20th Century Fox/20th Century Fox Home Entertainment . R4 . COLOR . 151 mins . G . PAL

  Feature
Contract

The American creative team Rodgers and Hammerstein virtually created the American musical theatre.

When their Oklahoma opened in New York in 1943, two years before the close of the Second World War, it was a theatrical revolution. Gone were the stop-start song-and-dance conventions of musical comedy; here was seamless drama and music and dance, integrated as one.

Oklahoma was, I believe, their finest achievement, but not far behind are two other great theatrical dramas - South Pacific and Carousel. Sadly, Oklahoma! is available in Australia only in a paltry pan-and-scan version which makes a mockery of its grand Todd-AO filming - only Region 1 has that movie in proper widescreen. But this Region 4 edition of South Pacific is the real thing - wide, grand and terrific.

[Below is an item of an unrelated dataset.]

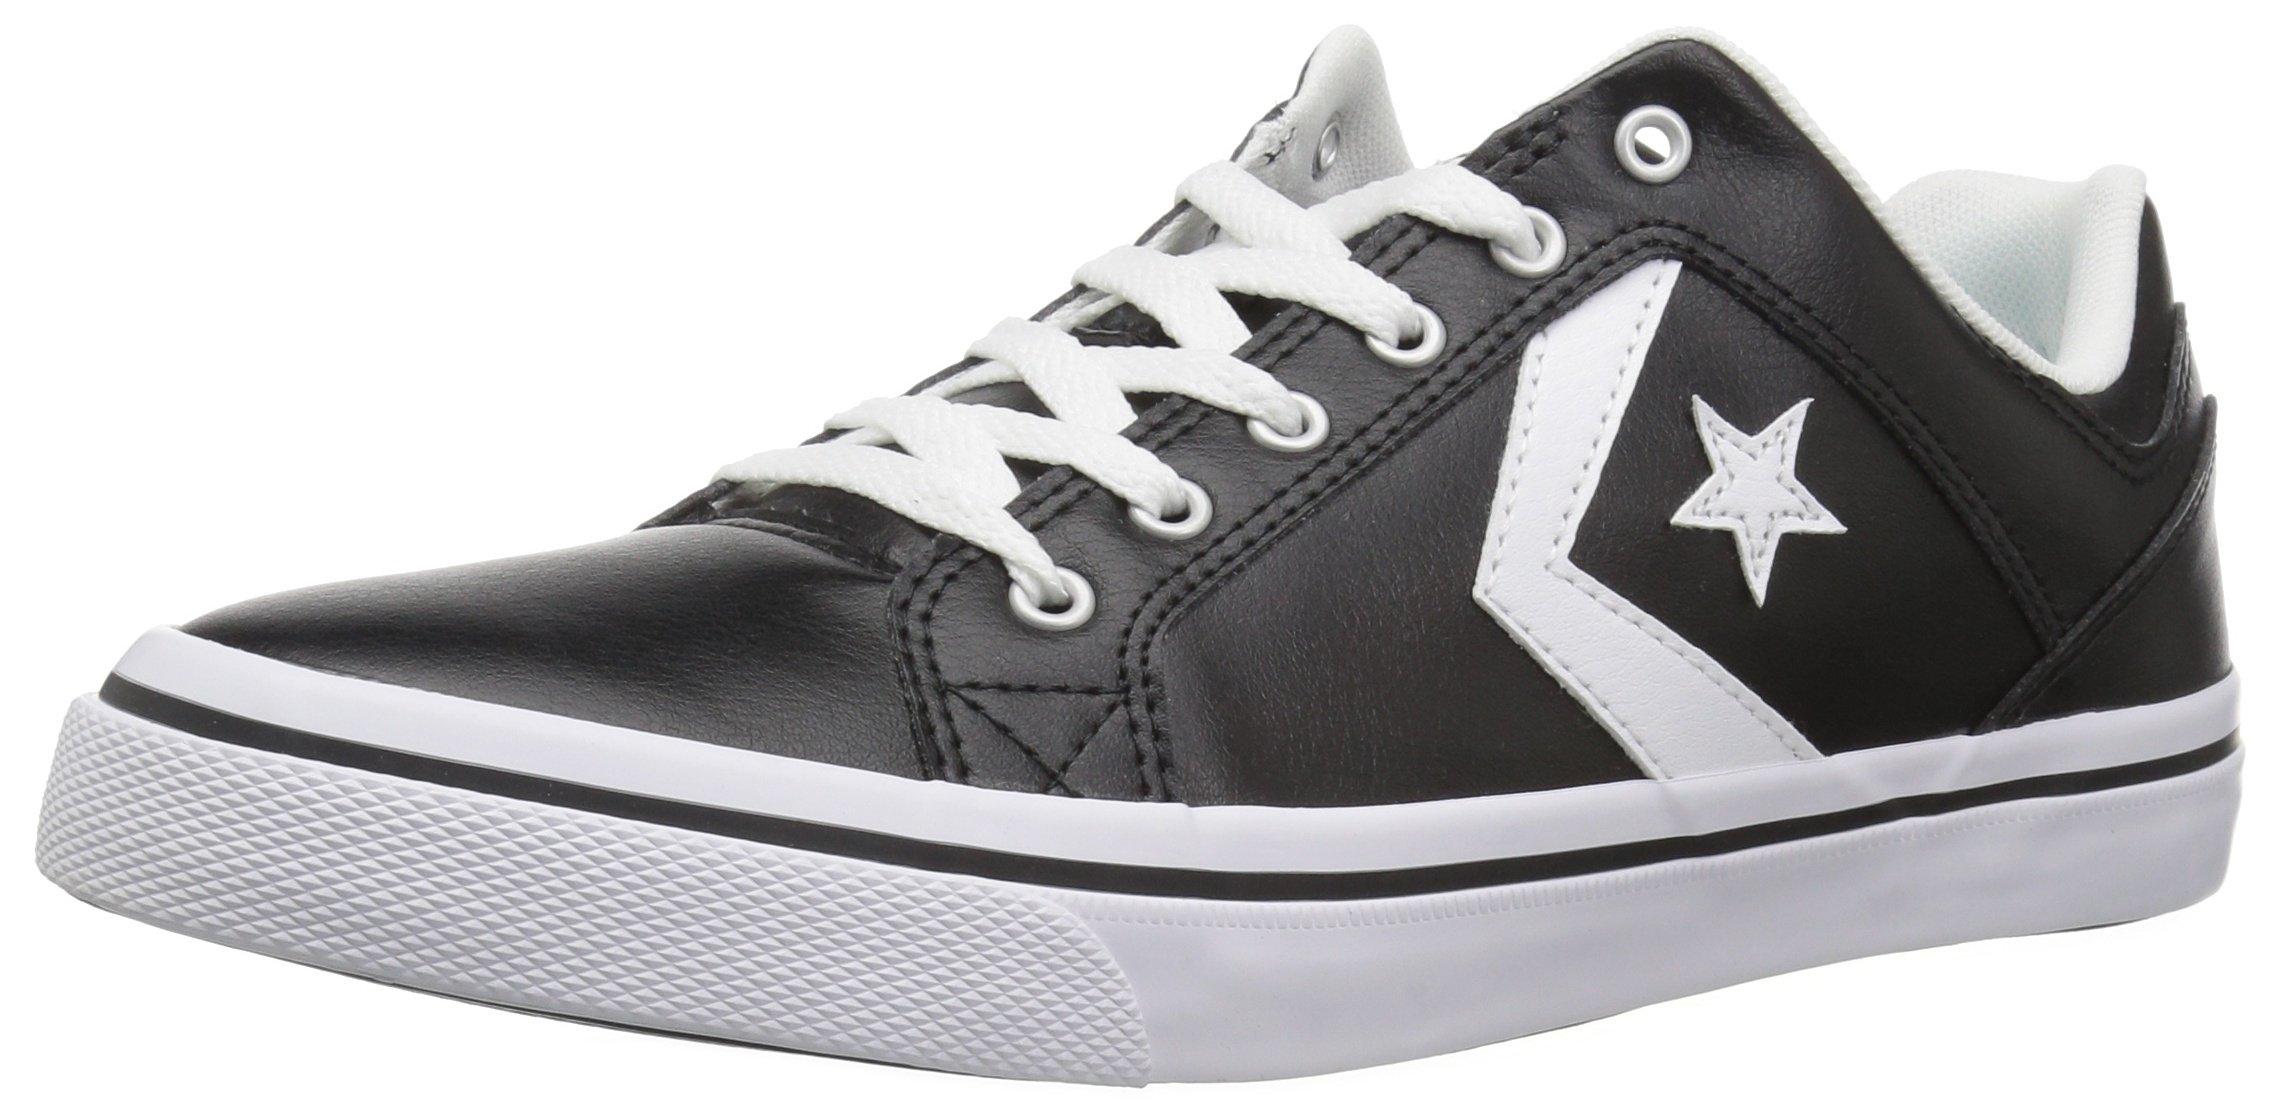 Converse EL Distrito Leather Low Top Sneaker Black/White/Black Size 8 M US

Oscar Hammerstein II had an amazing history. In the 1920s he crafted Showboat in collaboration with composer Jerome Kern. He adapted Bizet's Carmen in the 1940s, to create the sensational Carmen Jones. Hatred of intolerance is a common thread through Hammerstein's work. Listen in Showboat to Ol' Man River. Or, in South Pacific, to Carefully Taught, a bitter attack on racial prejudice. It's still strong, badly-needed stuff.

One of my very best friends is in fact a god-daughter of Oscar Hammerstein; her parents were amongst Oscar and Judith Hammerstein's best friends. When she visits Glitter City from her abode in Melbourne, we play Rodgers and Hammerstein until my wife screams "Desist" in disgust - musicals aren't her strong-point.

But they're mine. I first saw South Pacific in about 1959, when I was a very young teenager. I was bowled over by the actress France Nuyen who plays the Tonkinese maiden Liat. She taught me what longing and yearning meant. I remember seeing it a half dozen times in a fortnight, hopelessly awash in its weird beauty and romance.

I say weird beauty, because director Joshua Logan took the advice of his cameraman and filmed South Pacific in a pretty unique way - using colour filters to wash the screen in all shades of yellow, blue, magenta... mood colouring for every occasion. I remember it worked wondrously well on the big screen. It looked hideous on video and television. But here on DVD it seems totally appropriate, in a crazy atmospheric way - very beautiful in a richly overdone manner.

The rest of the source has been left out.